Metal Slug 3: The Ambitious Peak
Metal Slug 3 (2000) is the most ambitious game in the series and a serious argument for the greatest arcade game ever made. The mission design expanded from Metal Slug’s standard six stages into branching routes — multiple paths through each mission with different enemies, vehicles, and environments depending on the direction the player chose.
The final mission is legendary among arcade players: a thirty-minute gauntlet that goes from Antarctic base infiltration to an alien mothership assault to a face-off against the game’s true final boss, all without a checkpoint. Players who reached the final boss on one credit had already survived more of the game than most people ever see.
The graphics pushed the Neo Geo to its absolute limit. Sprite counts, animation frames, transformation sequences when soldiers were infected by aliens and mutated into bizarre forms — Metal Slug 3 is the Neo Geo’s visual peak.
Metal Slug: Where It All Began
The original Metal Slug (1996) established everything: the 2D scrolling missions, the prisoner rescues, the Slugnoid tank that felt like piloting a weapon of mass destruction, the six-mission structure, the pixel art that made the Neo Geo’s enormous sprites feel like hand-painted frames.
The game was immediately exceptional. The moment players first fired the Slug’s cannon and watched a helicopter dissolve into separate animated pieces, the standard was set. Konami’s Contra had been the genre’s benchmark. Metal Slug instantly surpassed it in visual fidelity and matched it in gameplay satisfaction.
Mission 6 — the boss rush finale — remains one of the most exciting final stages in arcade history. The series was complete as a concept from day one.
Metal Slug 2: The Expansion
Metal Slug 2 (1998) added Fio Germi and Eri Kasamoto as the first female playable characters, introduced the transformation mechanic (players infected by aliens or mummies became slower but fired more powerful weapons), and expanded the mission count with new vehicles including the Metal Slug Elephant and Camel.
The slowdown problem is real but manageable with experience — experienced players learn which screen positions generate the most sprites and avoid the worst slowdown scenarios. The content expansion over the original is substantial. Metal Slug 2 is the least essential of the four entries, but its ideas all found better expression in Metal Slug X.
What Makes Metal Slug Endure
The animation. The Metal Slug character and enemy sprites are more frame-dense than anything produced in the same era, and many things produced since.
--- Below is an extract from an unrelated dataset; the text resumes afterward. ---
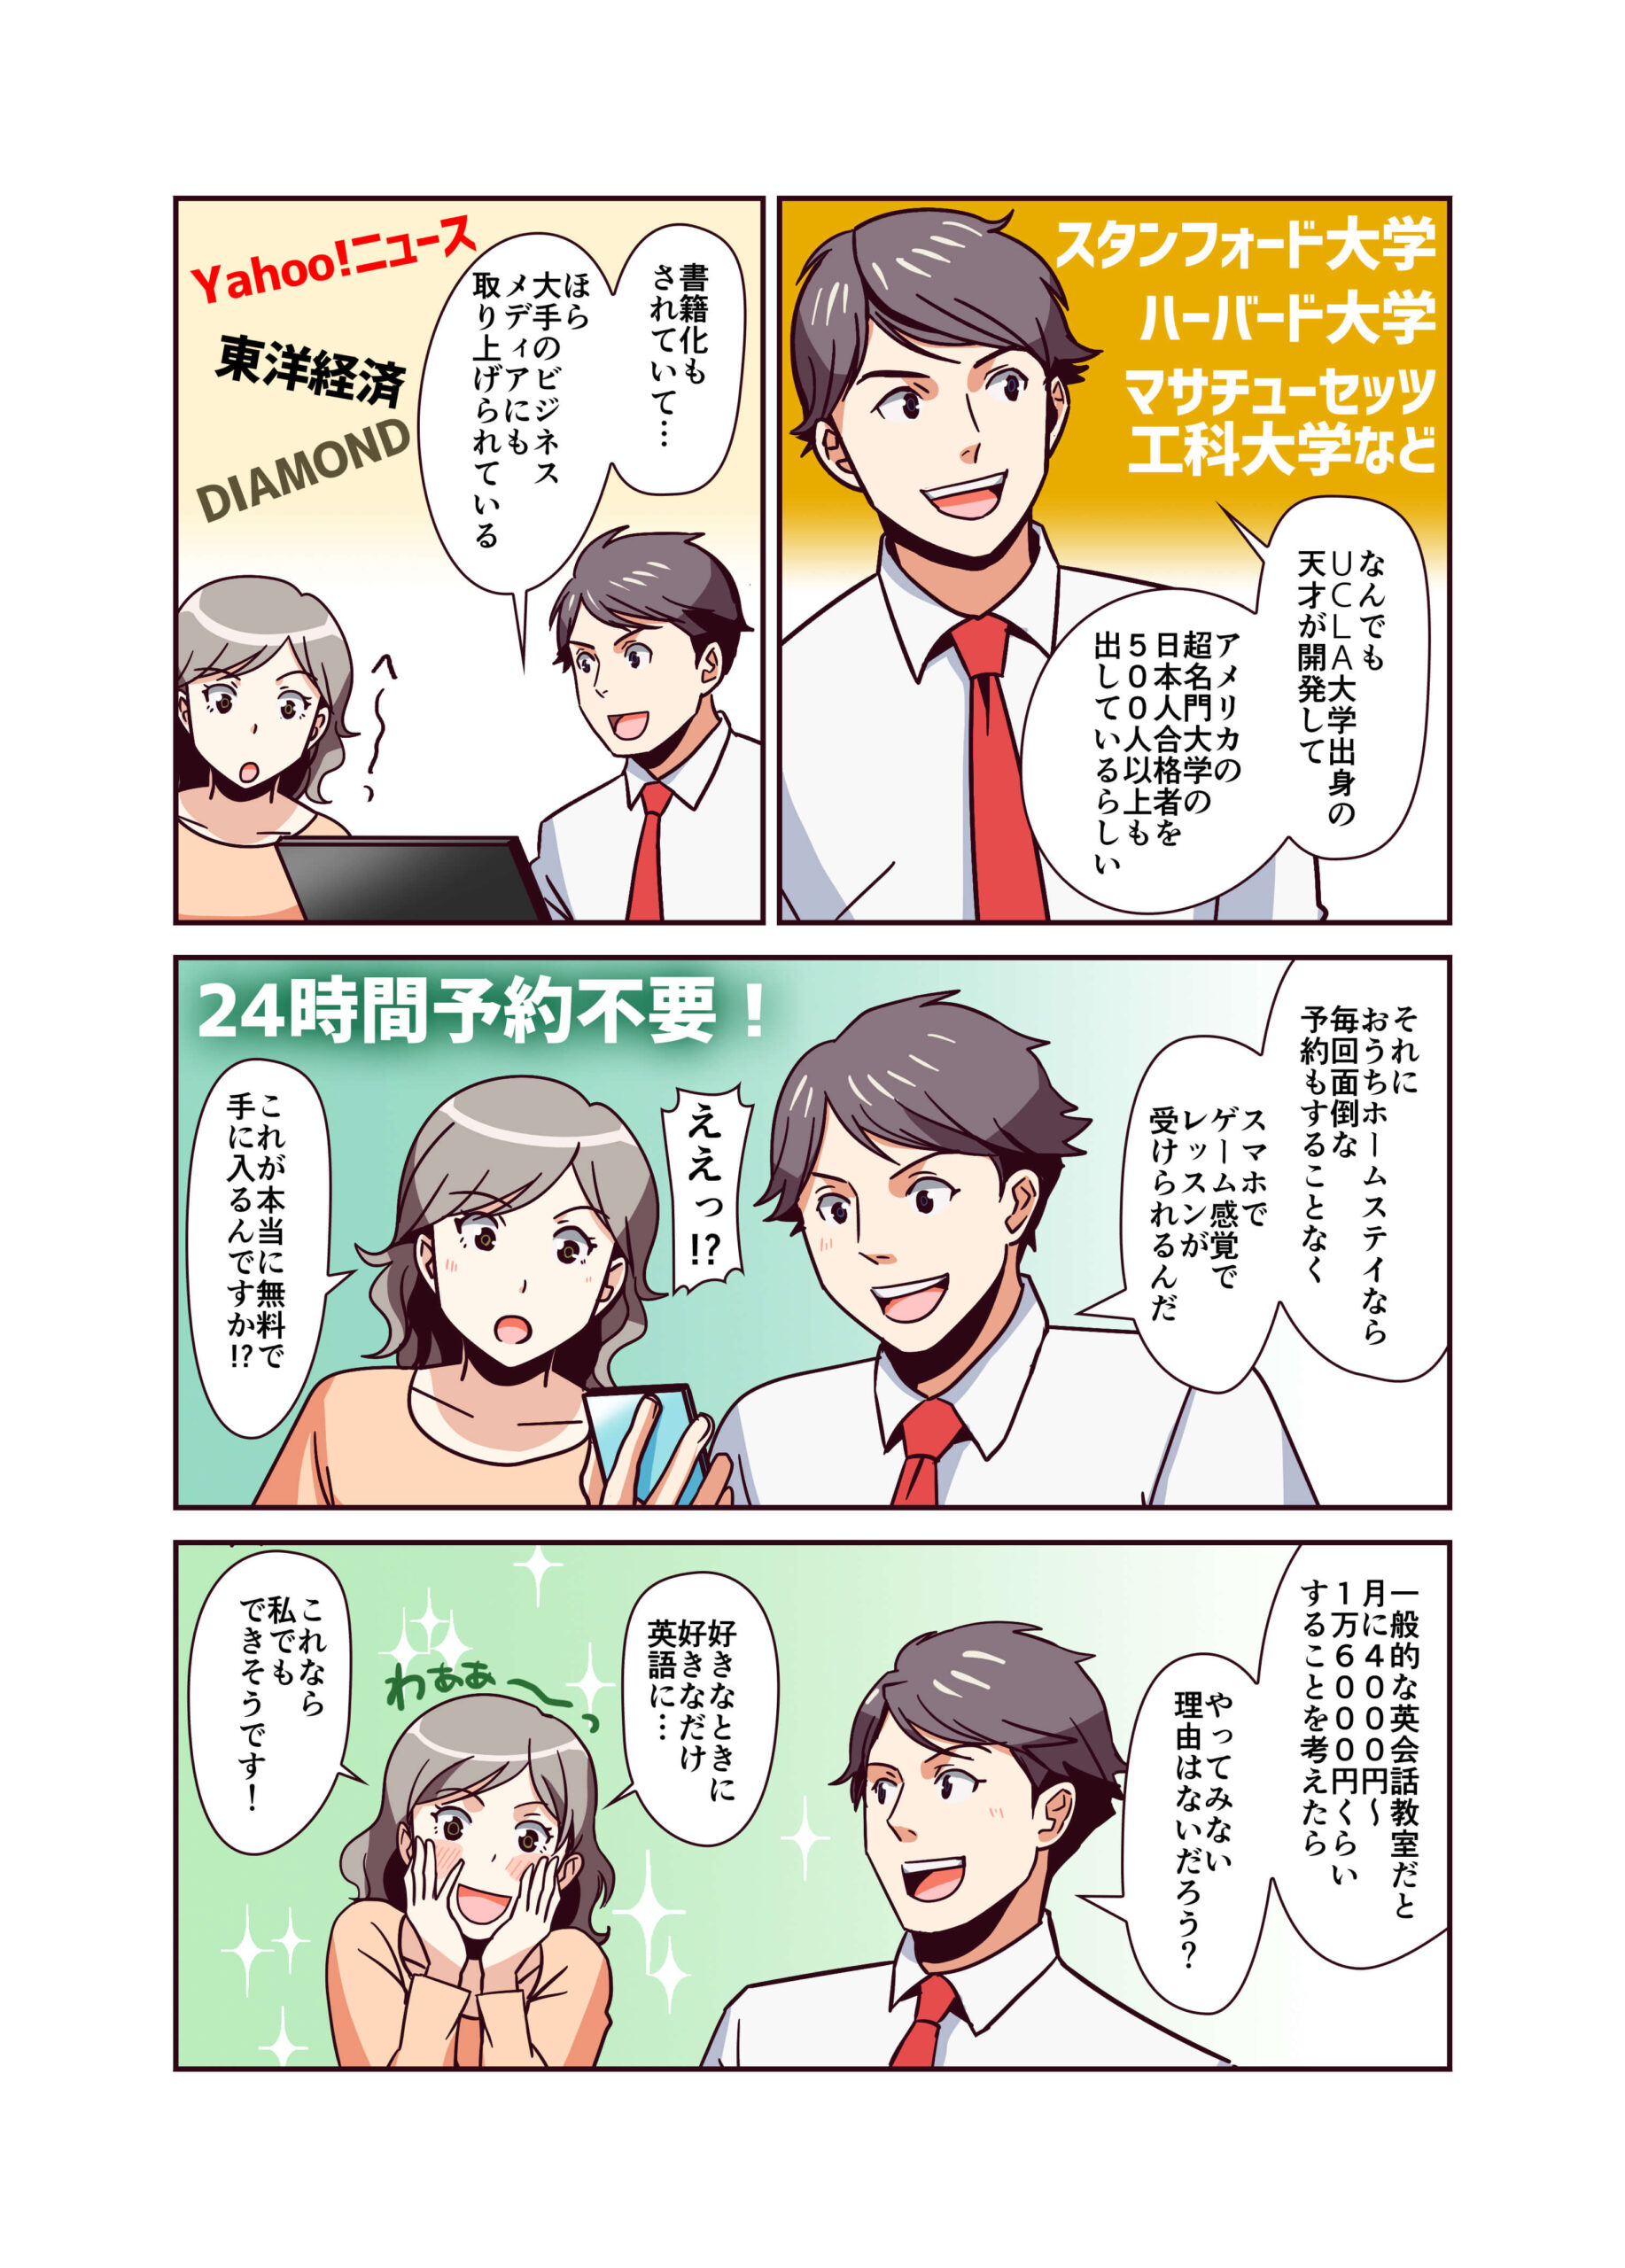 おうちホームステイ宣伝漫画・イラスト

General Morden’s soldiers flinch differently depending on where they’re hit. Tanks explode in multi-stage sequences that look more like actual destruction than game death animations. The player characters stumble when they pick up heavy items.
This density of expression makes Metal Slug rewatchable in a way that most games aren’t. Even players who know every enemy placement and boss attack pattern come back because the game is visually alive in a way that doesn’t diminish with familiarity.